In the immediate vicinity of Greenland, massive icebergs regularly broke off from an ice sheet in North America during the last ice age. The large amounts of ice in the North Atlantic around Greenland had abrupt effects on global climate, including Antarctica. The only region that did not respond at all with a temperature change to the events was Greenland, despite its pole position. The new findings raise new questions about climate dynamics.
The episodes in which huge icebergs broke off the North American ice sheet during the most recent ice age — 16,000 to 60,000 years ago — are known as Heinrich events. They occurred suddenly and altered ocean currents, caused cooling in the North Atlantic and affected monsoon rainfall worldwide.
What impact these events had on Greenland was previously unknown, but the island was considered to be very sensitive to changes in the North Atlantic. Oregon State University scientists now show in a study published on 24 April by Nature that the opposite was true.
“It turns out that nothing has happened in Greenland. The temperature just stayed the same,” said Kaden Martin, a doctoral student in Oregon State University’s College of Earth, Ocean and Atmospheric Sciences, and the lead author of the study. “They had front row seats but didn’t get the show.”
Using ice cores from Antarctica, the researchers were able to determine that rapid warming occurred on the white continent in the aftermath of the Heinrich events, suggesting teleconnection of the polar regions via the atmosphere. The researchers had expected that the large number of icebergs floating around Greenland would have led to cooling there as well.
Greenland’s lack of response to such drastic climate-related events surprised scientists and could have implications for understanding past climate dynamics, according to Christo Buizert, an assistant professor in the College of Earth, Ocean and Atmospheric Sciences, and a co-author of the study.
“If anything, our results raise more questions than answers,” Mr Buizert, a climate-change specialist who uses ice cores from Greenland and Antarctica to reconstruct and understand Earth’s climate history, said. “This changes the way we look at these massive events in the North Atlantic. It’s puzzling that far-away Antarctica responds more strongly than nearby Greenland,” Mr Buizert said. The findings challenge current understanding of global climate dynamics during these massive events.
For the current study, the scientists used an ice core taken back in 1992 at the highest point in Greenland, where the ice sheet is more than 3,000 meters thick. Since then, the core has been stored at the National Science Foundation Ice Core Facility in Denver, Colorado. The eam analysed the ice core again, this time using newly developed instruments and measurements.

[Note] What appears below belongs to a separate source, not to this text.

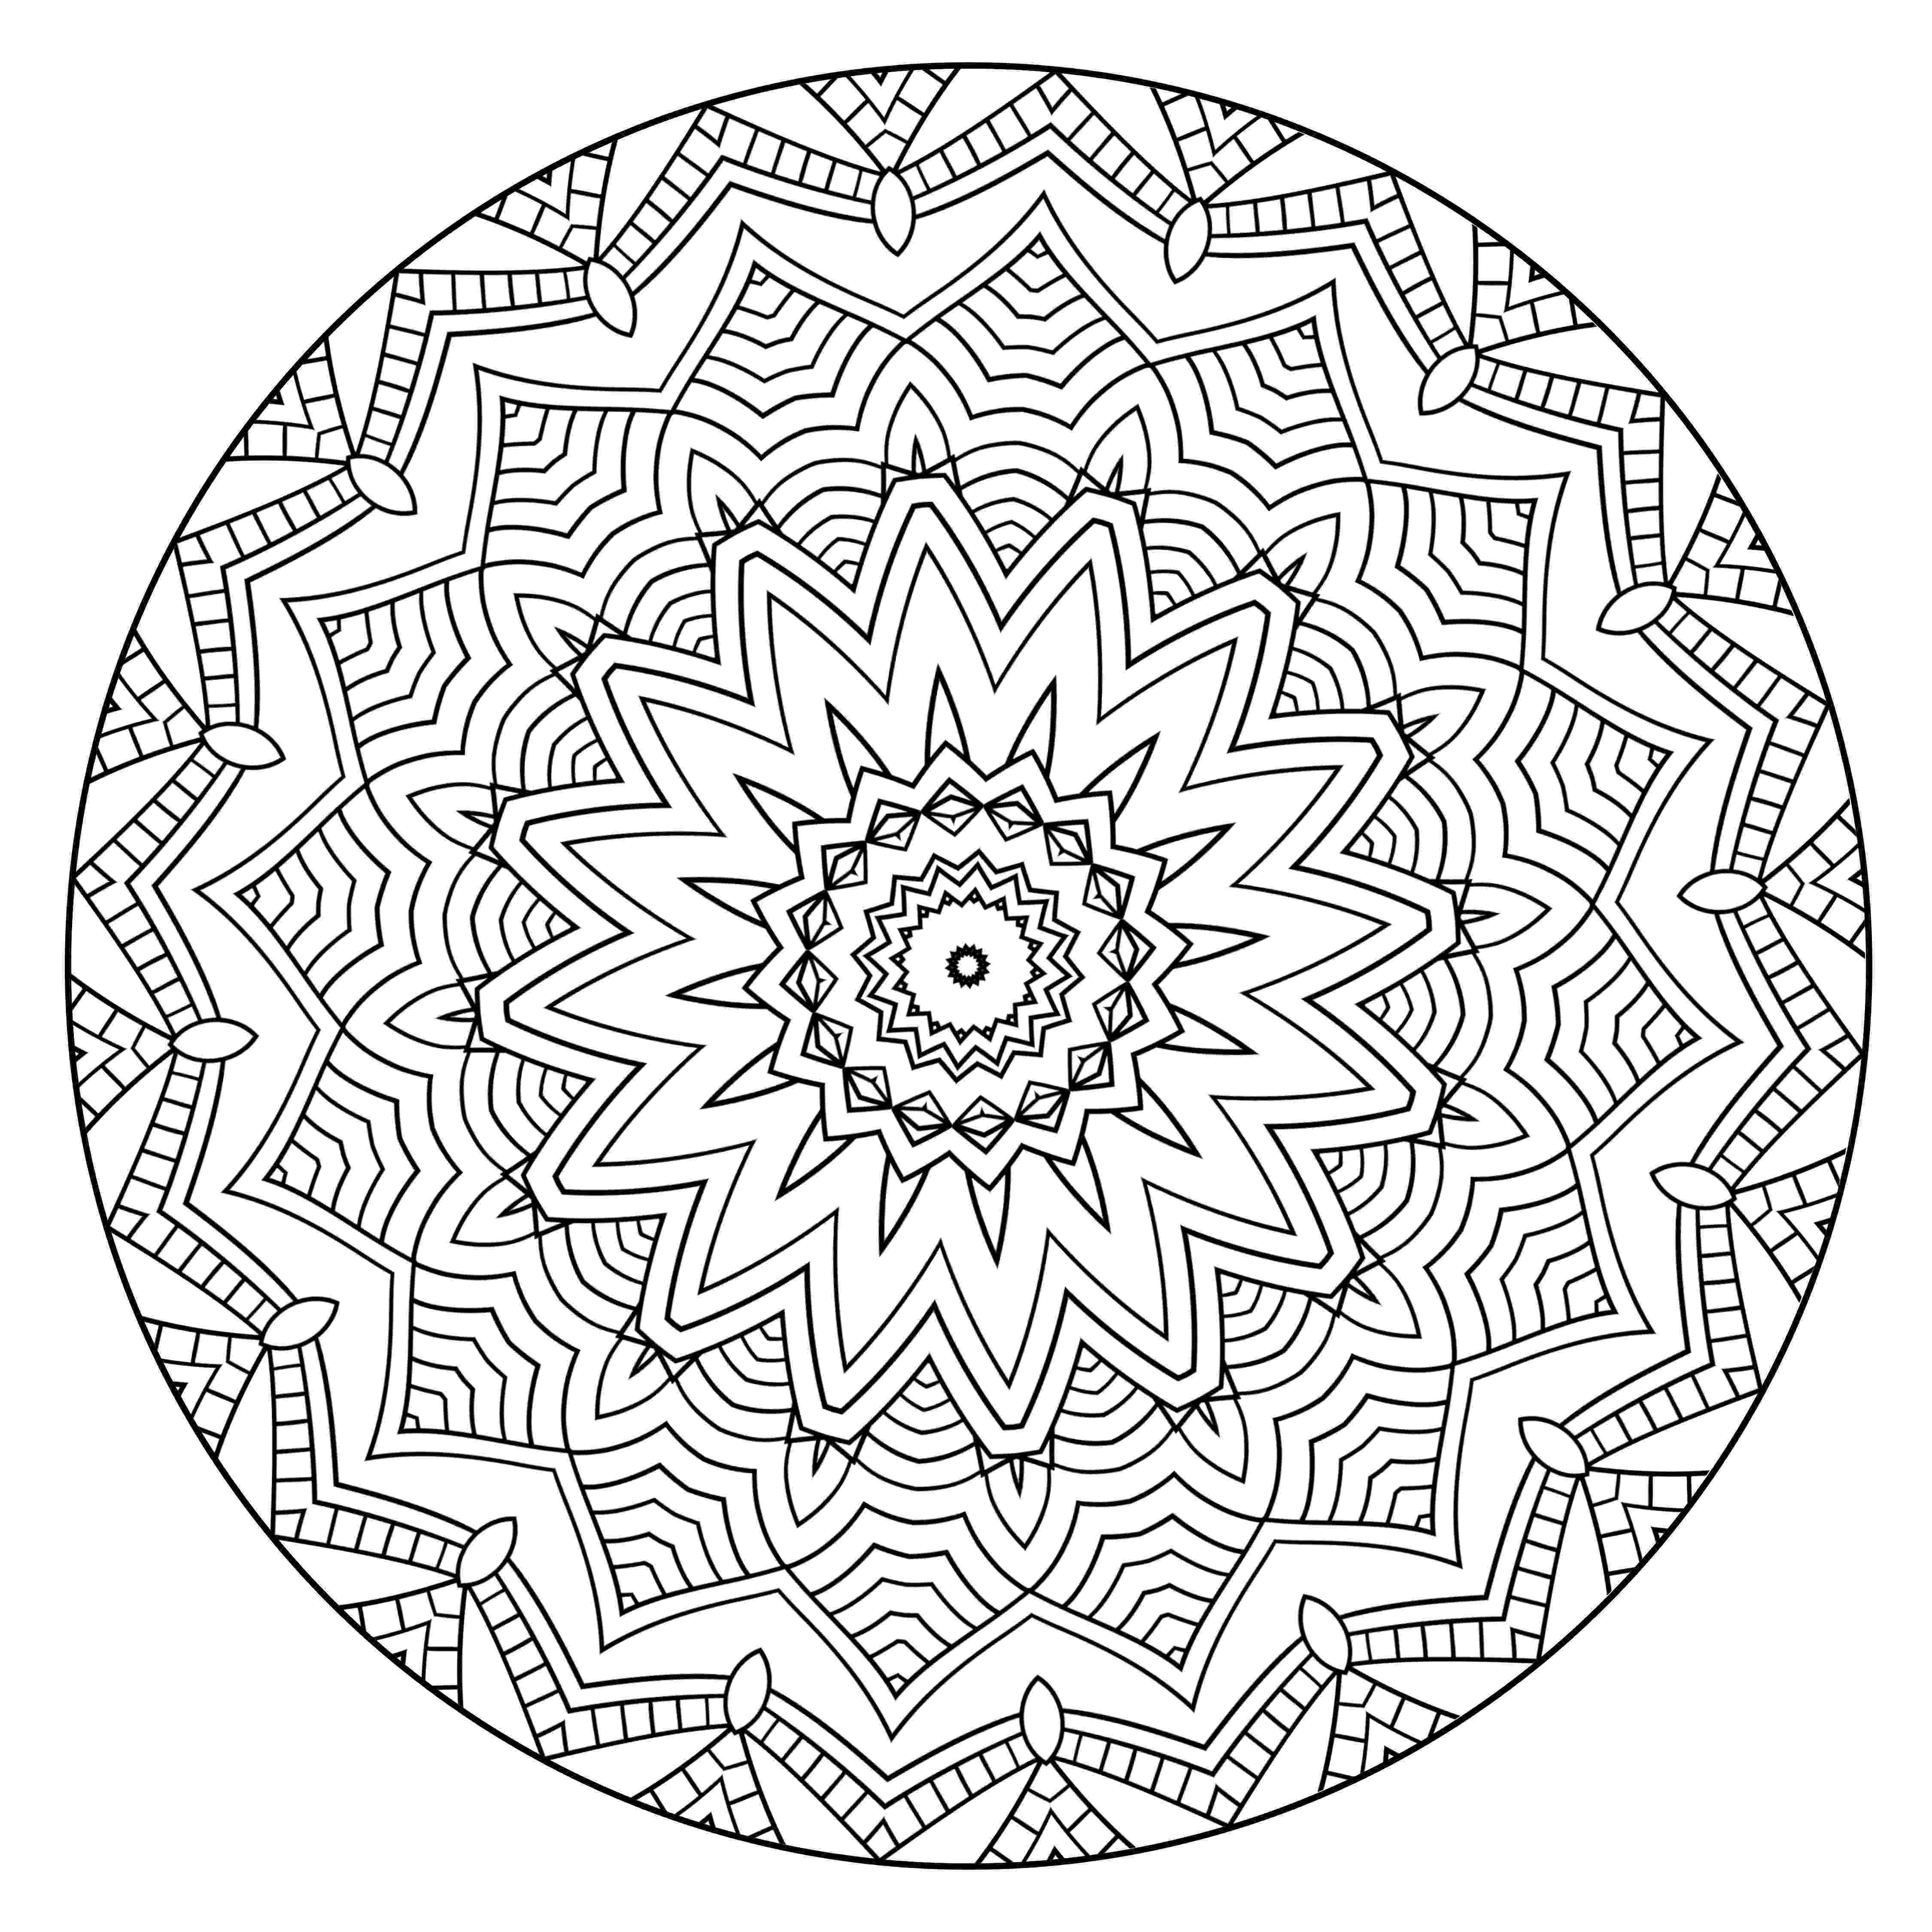 mandalas mandala coloring pages for kids to download and print for free mandalas

“When these big calving events happen in the Arctic, we now know that Antarctica responds immediately,” Mr Buizert said. “What happens in one part of the world affects the rest of the world. This interhemispheric connection is likely caused by a change in global wind patterns.”
The researchers’s next step is to find out if climate models can reproduce what happened after the new information is added. “There has to be a story that fits all the evidence, something that connects all the dots,” Mr Buizert said. “Our discovery adds two new points; it’s not the whole story, and it may not be the main story. It’s possible that the Pacific Ocean plays an important role that we don’t yet understand.”
The researchers emphasise that the most important goal is to better understand how the climate system is connected and how the individual components interact.
“Heinrich events may not recur in the future, but abrupt changes in the globally interconnected climate system will occur again,” Mr Martin said. “Understanding the global dynamics of the climate system can help us better forecast future impacts and inform how we can respond and adapt.”
Julia Hager, PolarJournal
Featured image: Michael Wenger
Link to the study: Kaden C. Martin, Christo Buizert, Jon S. Edwards, et al. Bipolar impact and phasing of Heinrich-type climate variability. Nature, 2023; DOI: 10.1038/s41586-023-05875-2.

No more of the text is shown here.